Now, we want to determine the cross validation AUC score for varying values of `k`.

Complete the following code to plot the average validation AUC score vs. `k` and the average evaluation time per sample vs. `k`.

In [None]:
# Define the hyperparameter range for n_neighbors
n_neighbors_values = range(1, 21)  # Testing for neighbors from 1 to 20

# Store results
n_neighbors_list = []
auc_scores = []
times_per_sample = []

# Perform cross-validation over different values of n_neighbors
for n_neighbors in n_neighbors_values:
    # Same as previous code block.
    # model = TODO

    # Measure the time taken for cross-validation
    start_time = time.time()

    # Perform cross-validation and calculate mean validation AUC score.
    # Perform 5-fold cross-validation using the cross_val_score function.
    #
    # mean_validation_score = TODO

    # Calculate elapsed time and seconds per sample
    elapsed_time = time.time() - start_time
    seconds_per_sample = elapsed_time / len(X_train)

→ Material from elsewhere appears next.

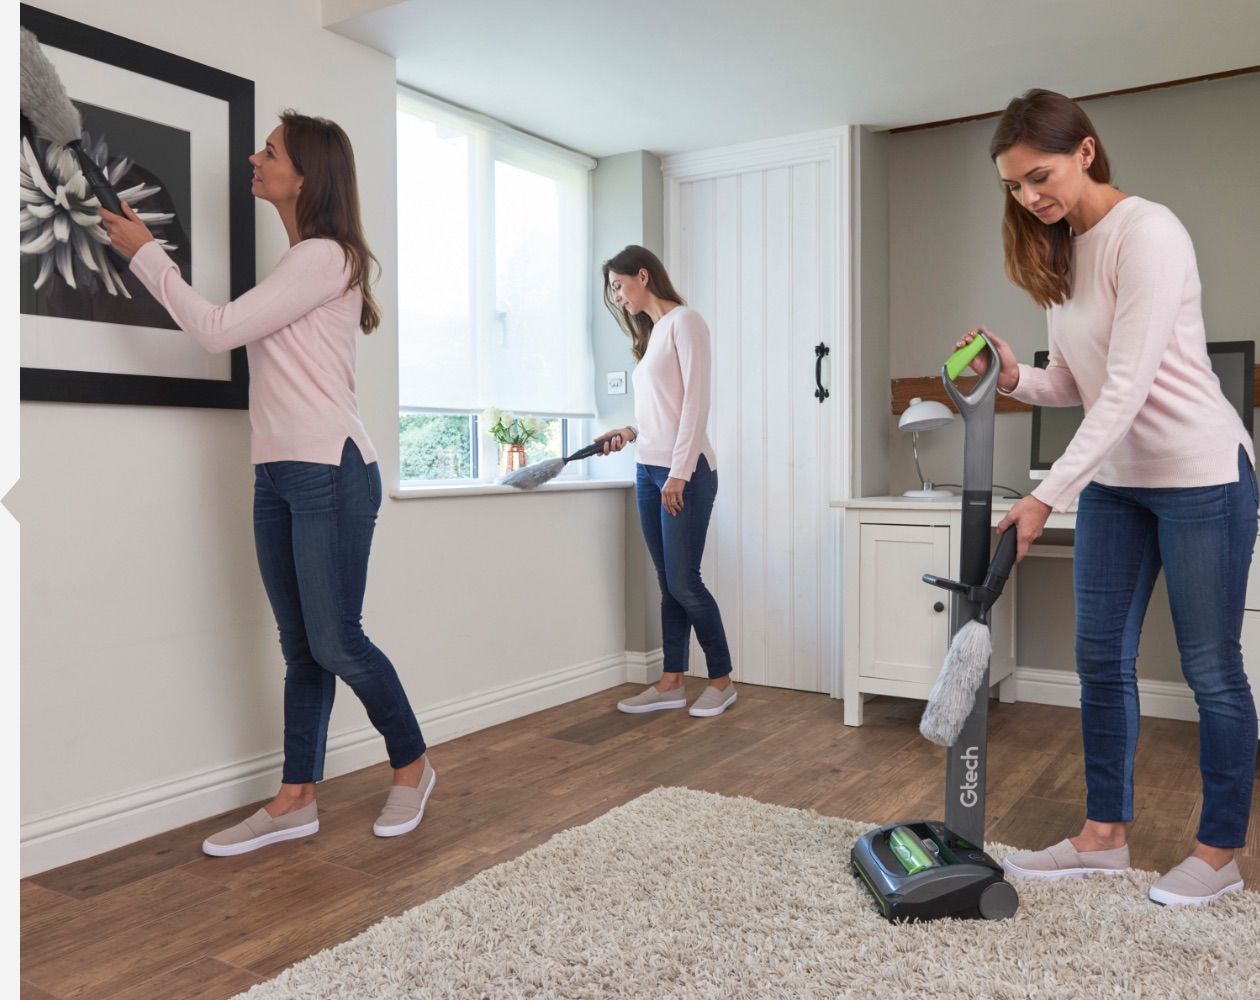 AirRam cordless vacuum cleaner attachment

    # Store results for plotting
    n_neighbors_list.append(n_neighbors)
    auc_scores.append(mean_validation_score)
    times_per_sample.append(seconds_per_sample)

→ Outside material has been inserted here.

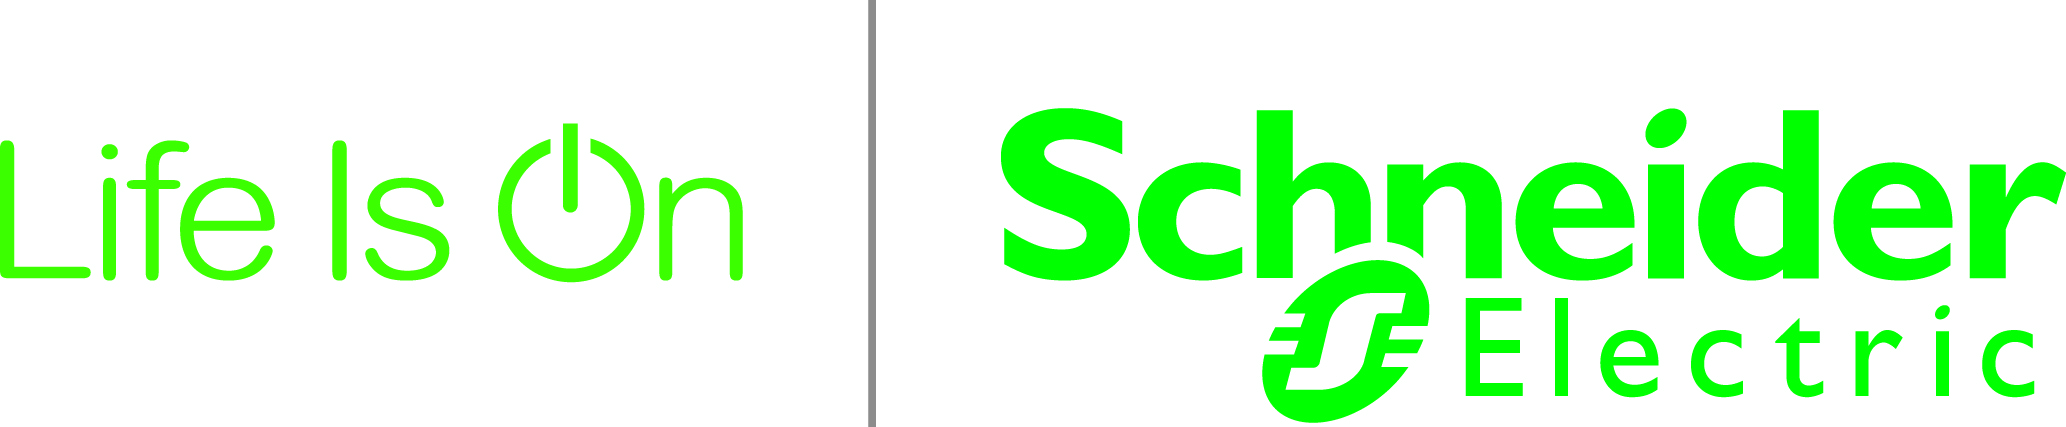 sch_lifeison_logo.jpg

    # Print out the validation accuracy, the value of n_neighbors, and the time per sample
    print(f'Validation Accuracy: {mean_validation_score:.4f} with n_neighbors={n_neighbors}')
    print(f'Time taken: {elapsed_time:.2f} seconds, Seconds per sample: {seconds_per_sample:.6f} seconds')

# Plotting results
fig, axs = plt.subplots(1, 2, figsize=(12, 6))

# Left plot: AUC score vs number of neighbors
axs[0].plot(n_neighbors_list, auc_scores, marker='o', linestyle='-', color='b')
axs[0].set_xlabel('Number of Neighbors')
axs[0].set_ylabel('Validation ROC-AUC Score')
axs[0].set_title('Validation ROC-AUC Score vs. Number of Neighbors')

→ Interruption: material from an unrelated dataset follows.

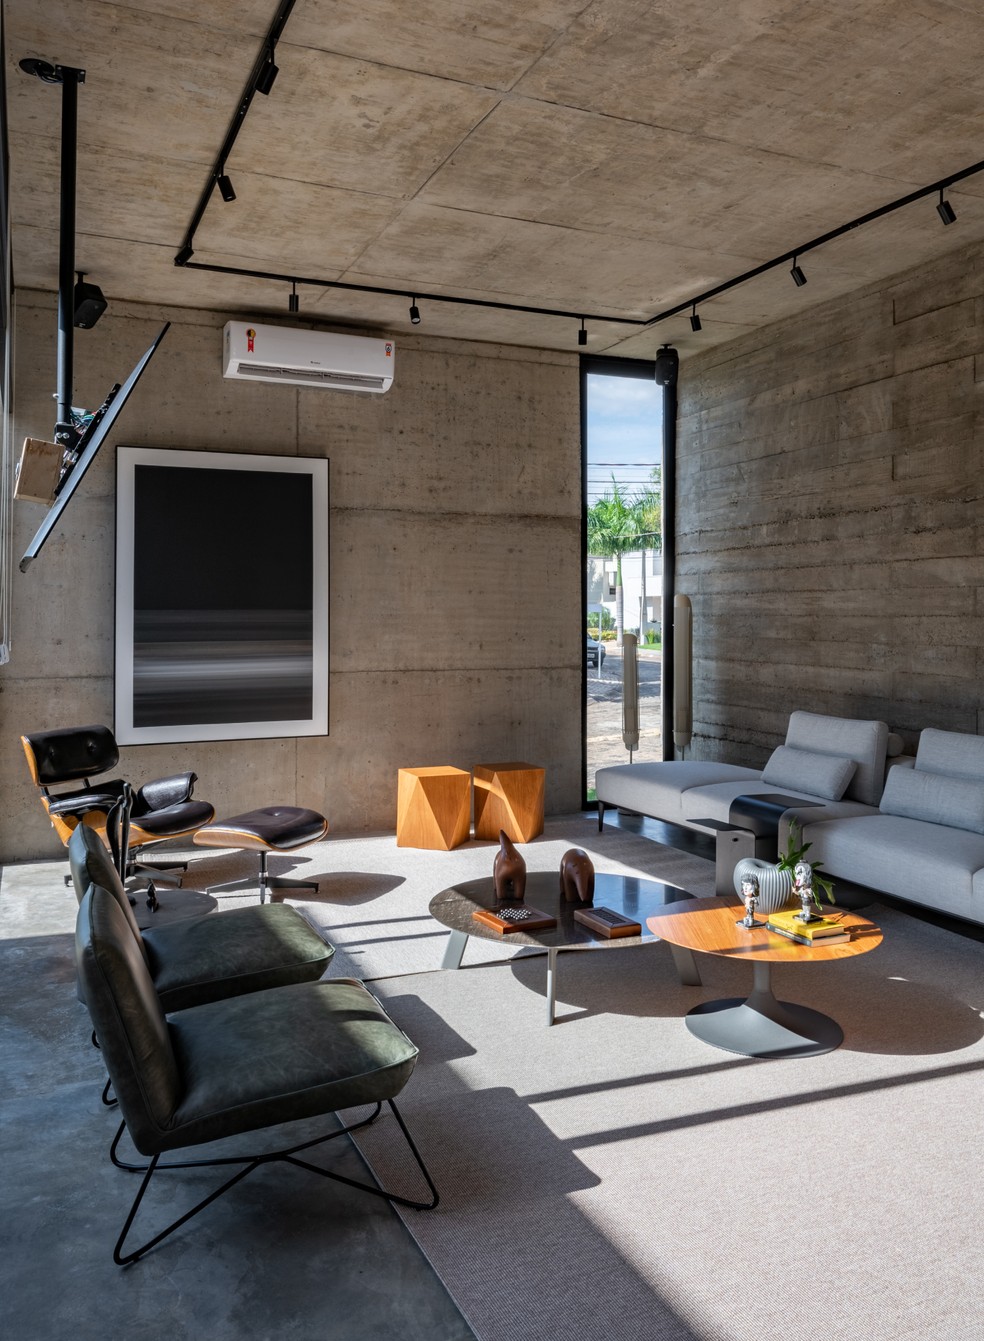 Com estilo industrial, sala de estar foi pensada para receber luz natural da área externa — Foto: Fávaro Junior

# Right plot: Time per sample vs number of neighbors
axs[1].plot(n_neighbors_list, times_per_sample, color='r')
axs[1].set_xlabel('Number of Neighbors')
axs[1].set_ylabel('Time per Sample (seconds)')
axs[1].set_title('Time per Sample vs. Number of Neighbors')

plt.tight_layout()
plt.show()

# Output the best hyperparameter
best_n_neighbors = n_neighbors_list[np.argmax(auc_scores)]
best_score = np.max(auc_scores)
print(f'Best n_neighbors: {best_n_neighbors} with Validation Accuracy: {best_score:.4f}')


## Submit to Kaggle

Using the optimal `k` you found, complete the following code to generate predictions on the test data.

Then, submit the `submission.csv` to Kaggle. Please show the TA both the plots generated above and the Kaggle submission result.

In [None]:
# Create a model using the optimal k value
# model = TODO

# Train the model on the training data
model.fit(X_train, y_train)

# For the test data, we also drop unnecessary columns but keep 'id' for the final submission
X_test = test_data.drop(['id'], axis=1)
test_ids = test_data['id']

# Make prediction on test data
y_pred = model.predict_proba(X_test)[:,-1]

# Create the submission DataFrame
submission = pd.DataFrame({'id': test_ids, 'smoking': y_pred})

# Save the submission DataFrame to a CSV file
submission.to_csv('submission.csv', index=False)

print("Submission file 'submission.csv' has been created!")

Submission file 'submission.csv' has been created!